— Work task —
Taking the line with "5d5a509d6b ... numismatica" as the first and the line with "Crochet Cardigan - Pink" as the last, set down the lines below exactly, pictures excluded.

— The data —
:::::

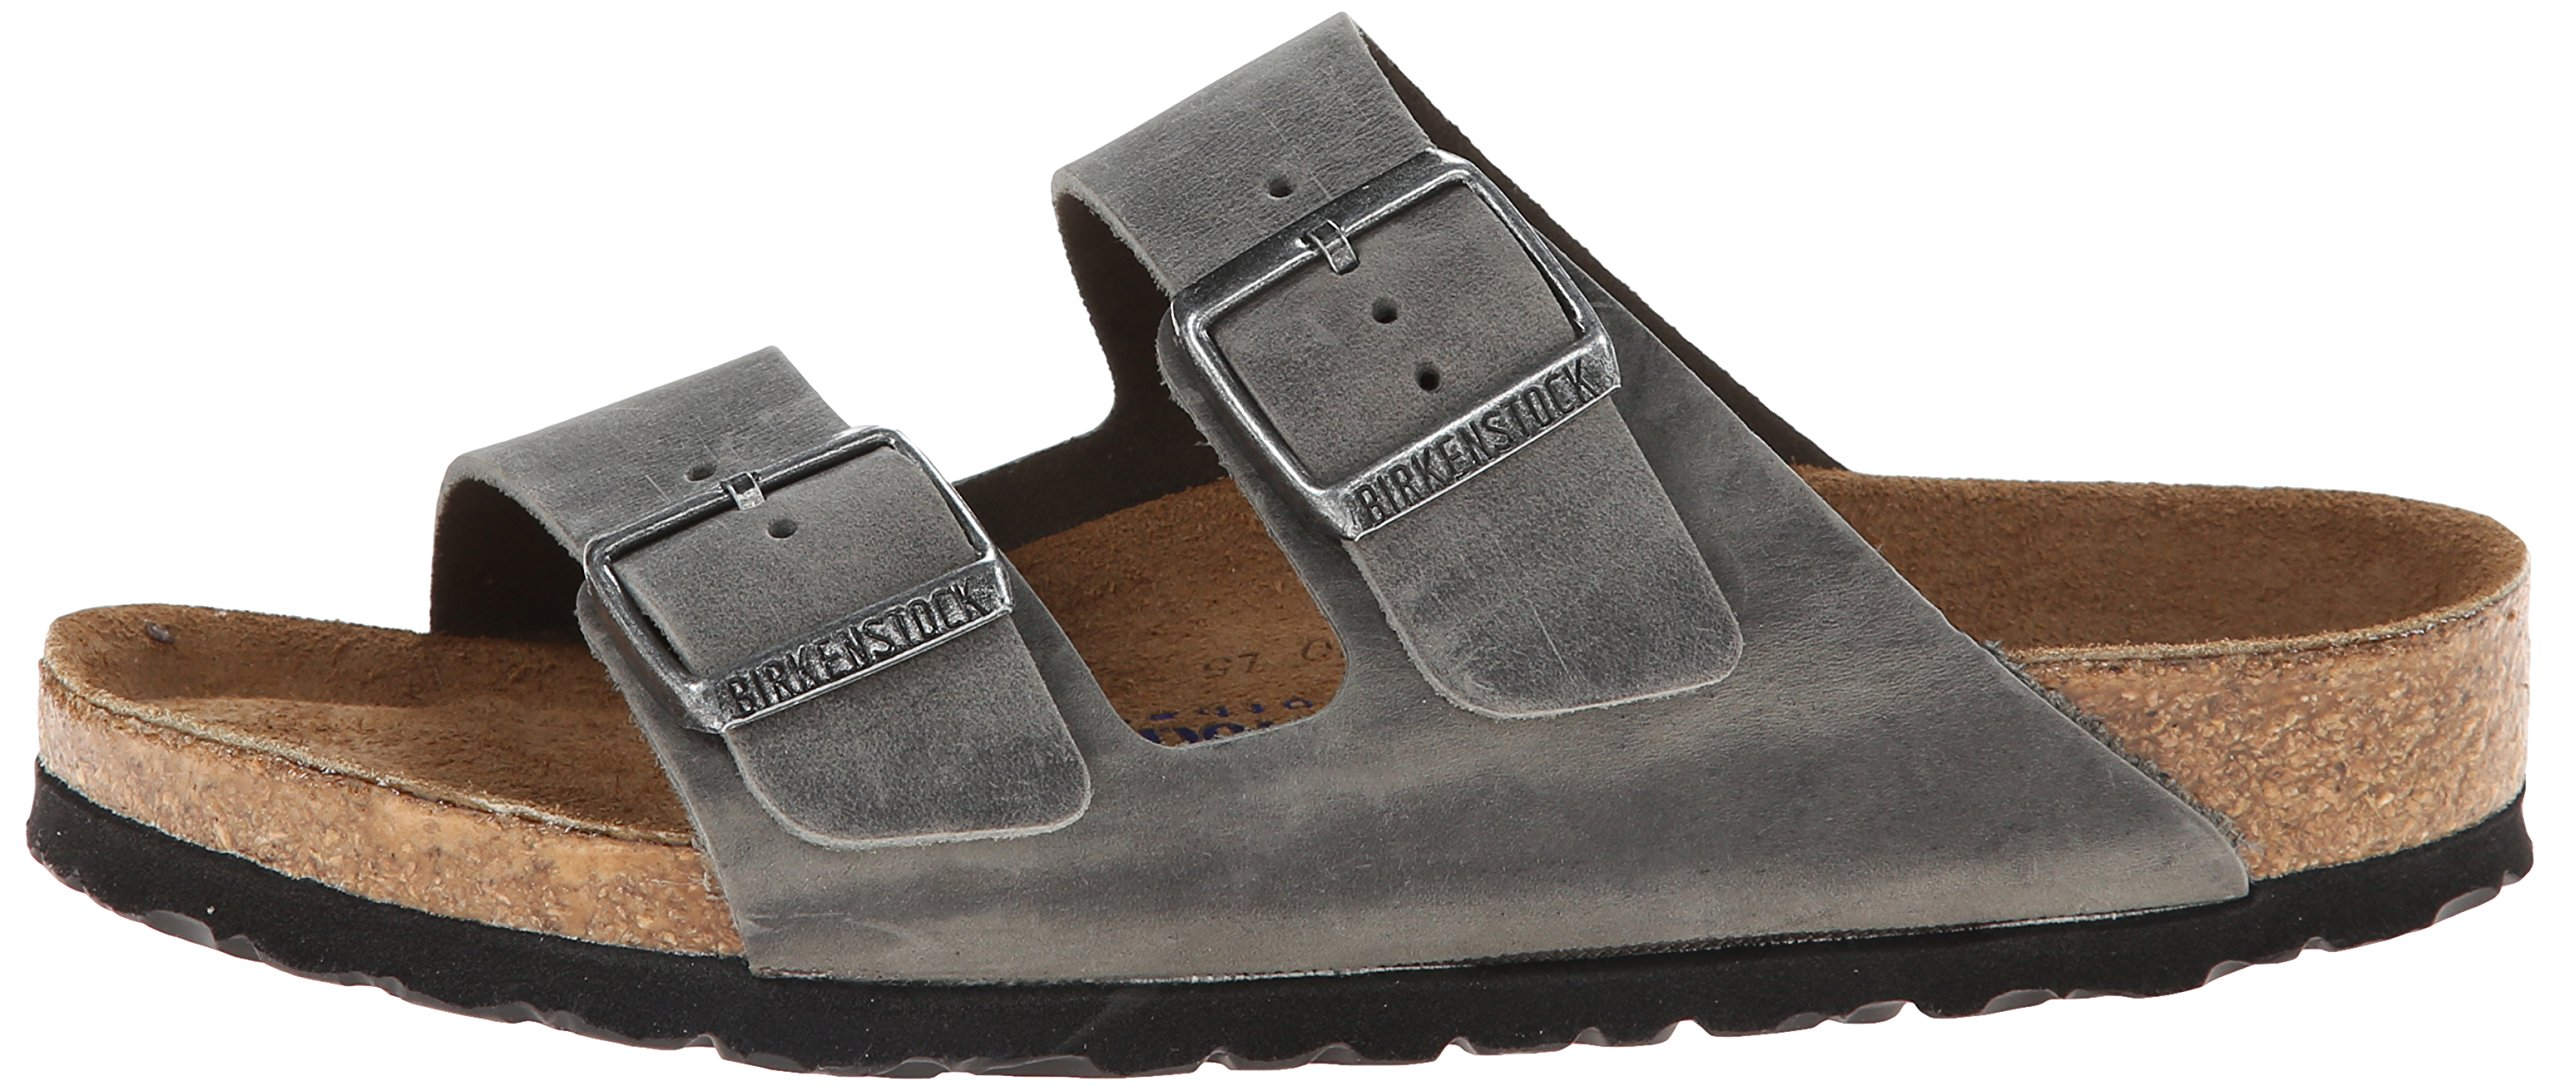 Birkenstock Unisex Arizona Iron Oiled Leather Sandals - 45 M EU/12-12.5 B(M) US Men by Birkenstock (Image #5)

:::::

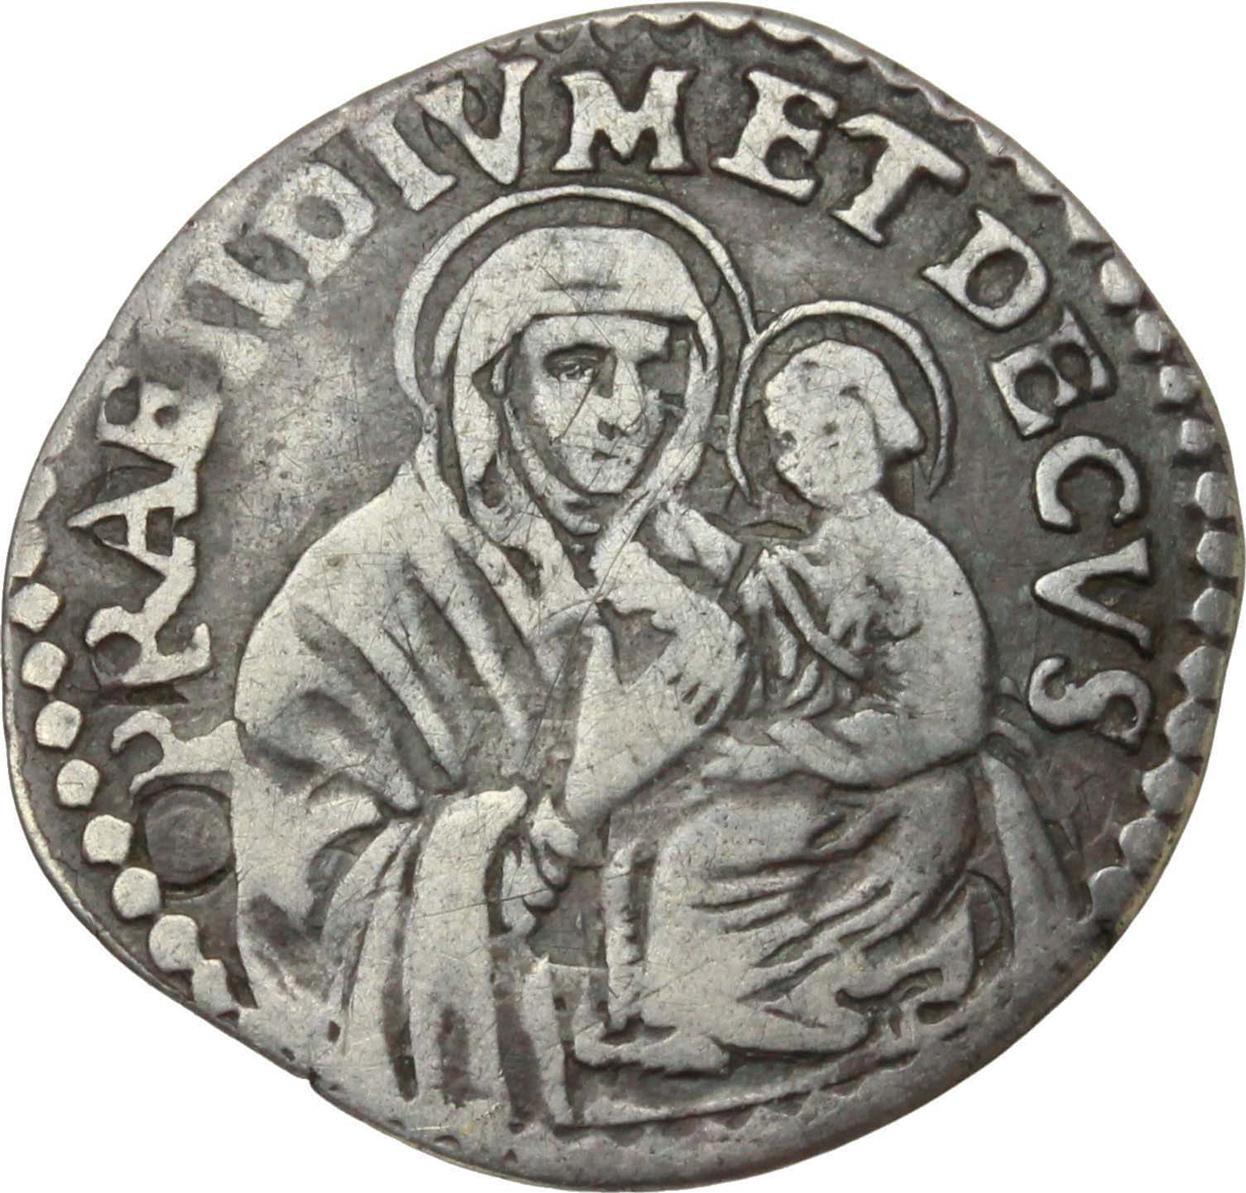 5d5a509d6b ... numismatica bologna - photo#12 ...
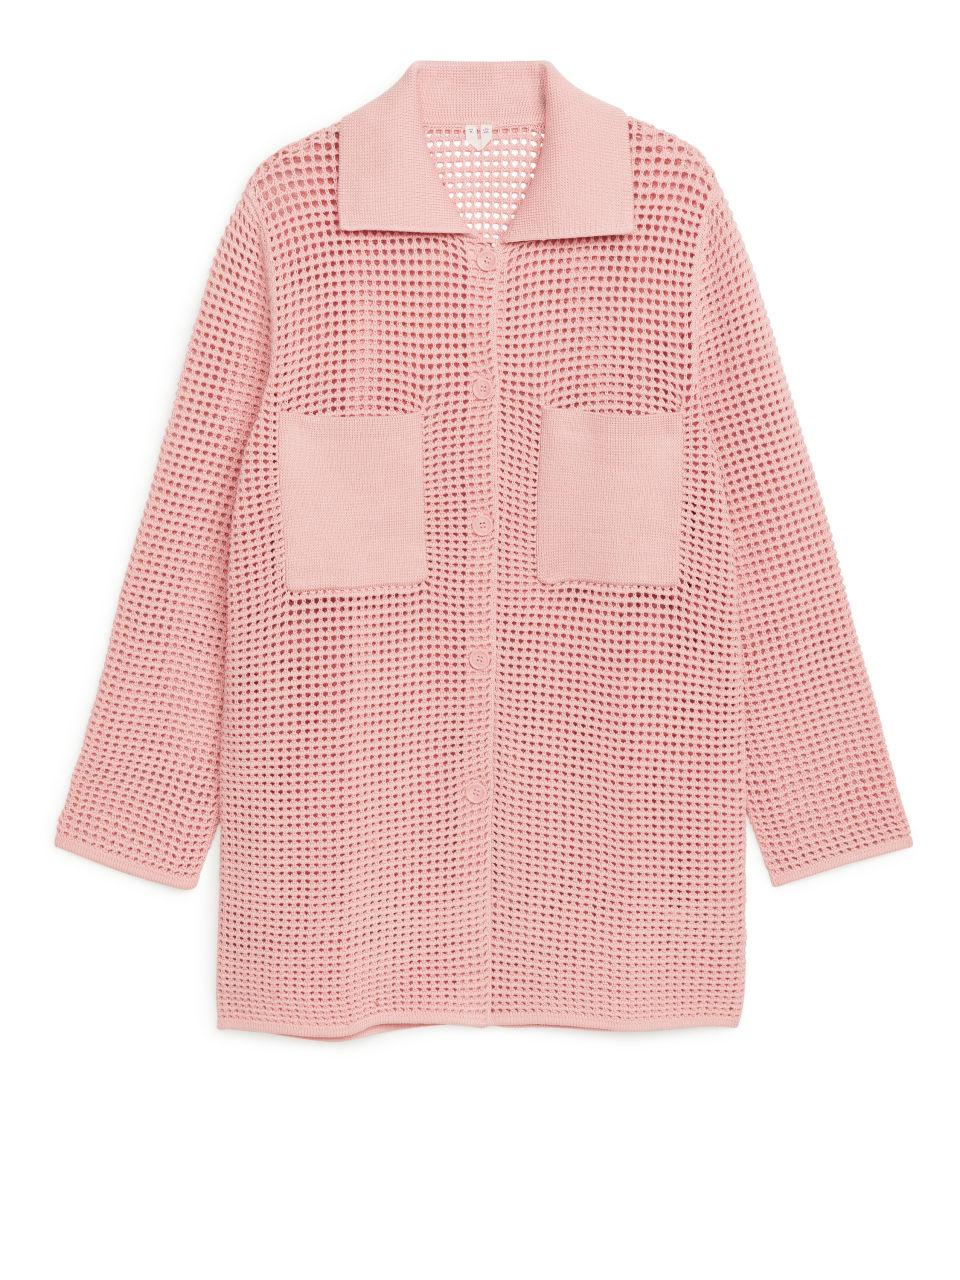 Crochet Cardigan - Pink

:::::

— Final answer —
 5d5a509d6b ... numismatica bologna - photo#12 ...
 Crochet Cardigan - Pink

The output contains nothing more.